Given the high regard in which she is held, it may come as some surprise that the current exhibition of film, photography and drawing by Brooklyn-born artist, Lorna Simpson, at the Baltic, Gateshead, comes as part of the first European retrospective of her work. Indeed to play host to such a significant and long overdue show is a real coup for the northerly city, putting it alongside the likes of Paris, Munich and Berlin.

The exhibition spans the 30 years of Simpson’s career to-date and includes key works from throughout the different stages of her development. The large-scale, conceptually driven photo-text pieces she began making in the mid-1980s, and which secured her position on the international stage, are all apportioned a good chunk of wall space, and rightly so – they demand the Baltic’s big white walls. Yet her more recent experiments with film and collections, collage and drawing are equally present and just as compelling.

To play host to such a significant and long overdue show is a real coup for the North East

Such wide-ranging variety is of course the hallmark of any good retrospective, but also chiefly attributable to Simpson’s unconfined approach as an artist. Her work could never be grouped by medium alone; instead it is the themes and ideas that she chooses to explore which remain consistent (though never static). Simpson’s signature preoccupations with identity and memory, gender and history, and fact and fiction reverberate throughout the two floors, while subtler inflections – questions of space and internal/external perception – add a further, more curious dimension.

You see this for example in The Car (1995): it’s a seemingly life-sized photographic window onto a quiet urban-enclave. Looking in, you feel the sensation of coolness radiated from stone walls, and the perceptible still that follows after withdrawing from the public arena of the street into an empty side-alley. Tucked away to the left is a small, unobtrusive car inside which you would never suspect the presence of another person (or persons).

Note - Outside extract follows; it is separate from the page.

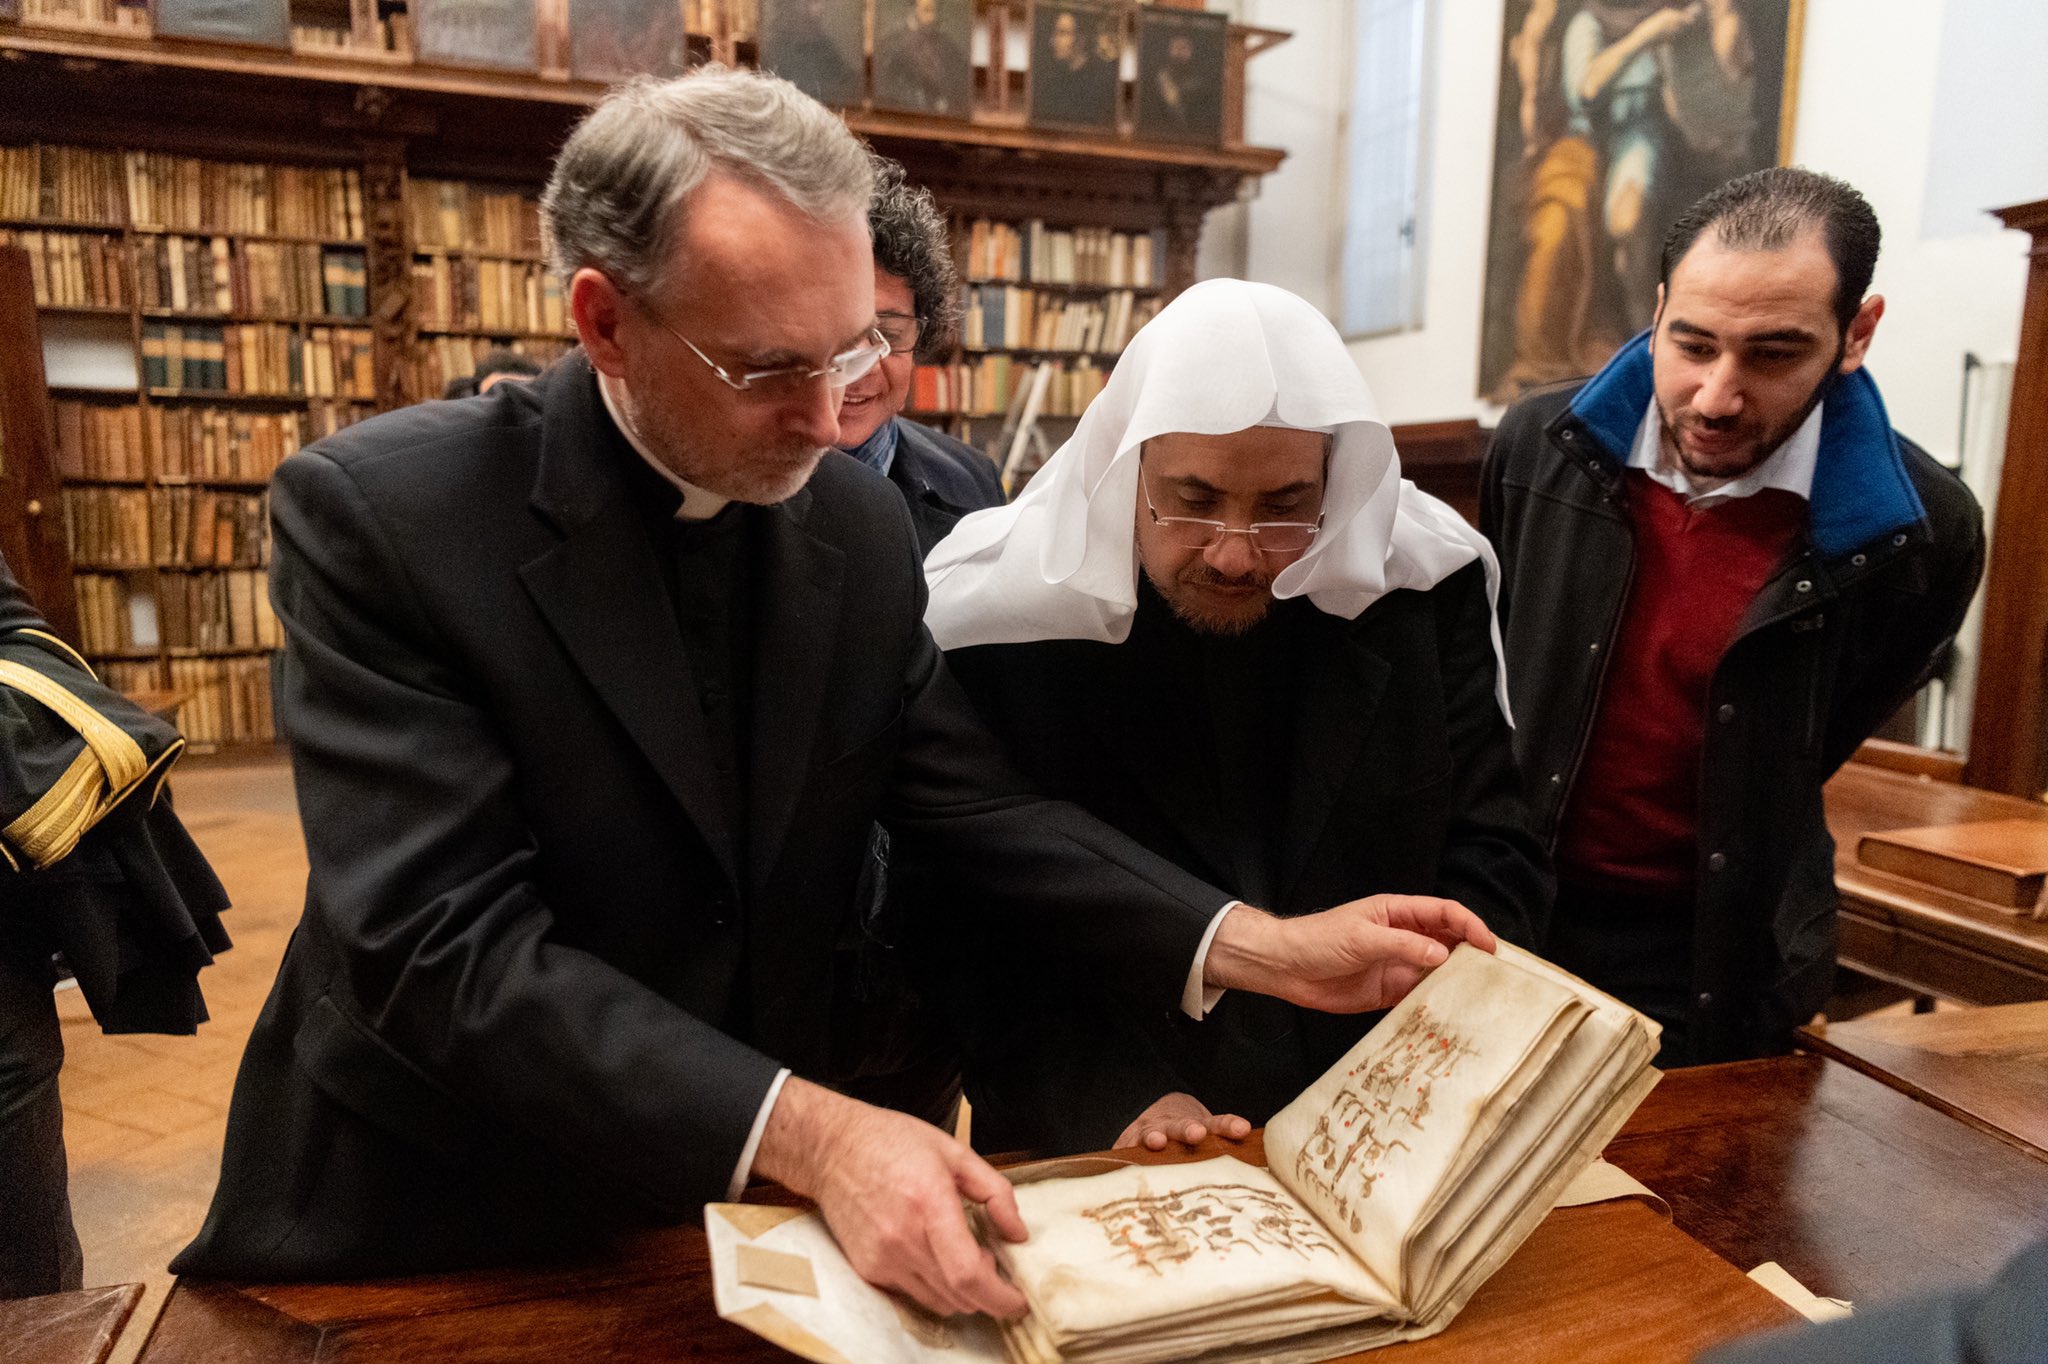 En janvier, MohammadAlissa a visité la Bibliothèque historique Ambrosienne et a donné une conférence à l'Université catholique du Sacré-Cœur de Milan en Italie. Sa visite était axée sur l’apprentissage multiculturel et le dialogue interreligieux.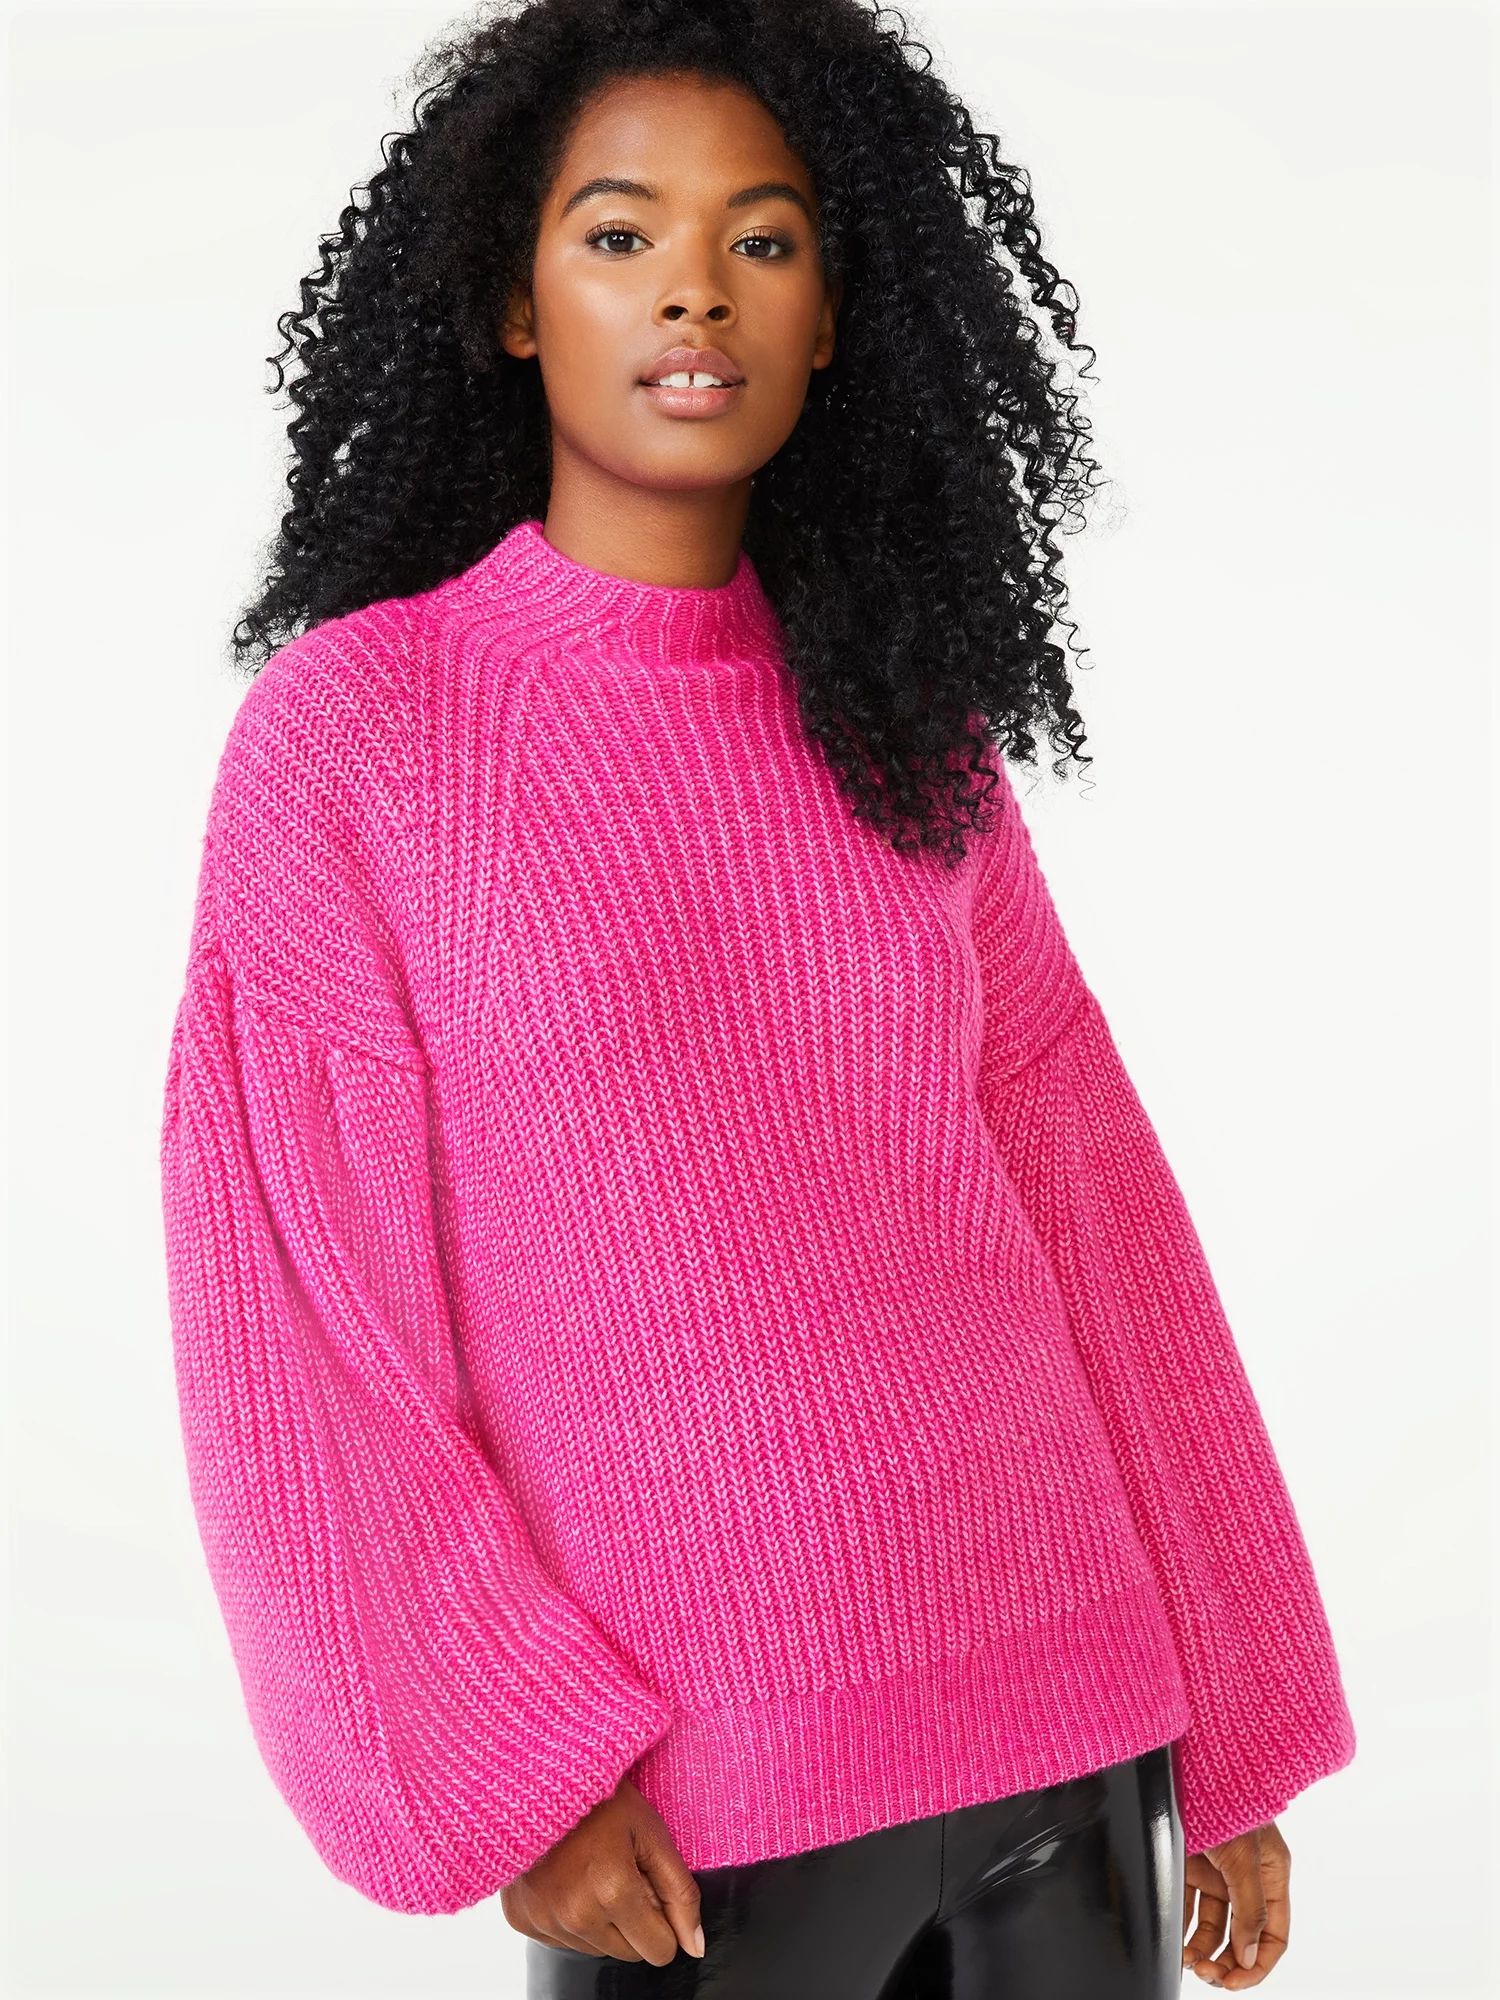 Scoop Women's Cozy Mock Neck Sweater with Balloon Sleeves | Walmart (US)

Shifting from the image to the short side panel of text, however, you realise that the view is less of a space, so much as the memory of a space – or rather, it’s a representation of what a lived experience might have looked like from the outside. The words read as counter-part to the image, the speaker recalling with pleasure the sensation of being safely, secretly stowed within an abandoned vehicle, listening to the distant sounds of the street.

The Car is one of a series of works collectively titled Public Sex. A number of others from the group, including The Rock, also feature. Despite the themes of liberation or outward display that the series’ name might suggest, all of the works included seem more concerned with exploring small and temporary pockets of internal or private space within a public setting.

In complete contrast to such subtleties, be sure not to miss Chess (2013) – a tightly-packed video and sound instillation. Here, six mirrored versions of a visibly aging Simpson challenge a further six images of herself (dressed as a man) to a game of chess. The piece is accompanied by the lurching tune and agile hands of a Jazz playing pianist. Again, this is a piece in which perception is challenged, and nothing is quite as it seems – which might be the mantra of the show as a whole.

Image by Jonathan Schofield.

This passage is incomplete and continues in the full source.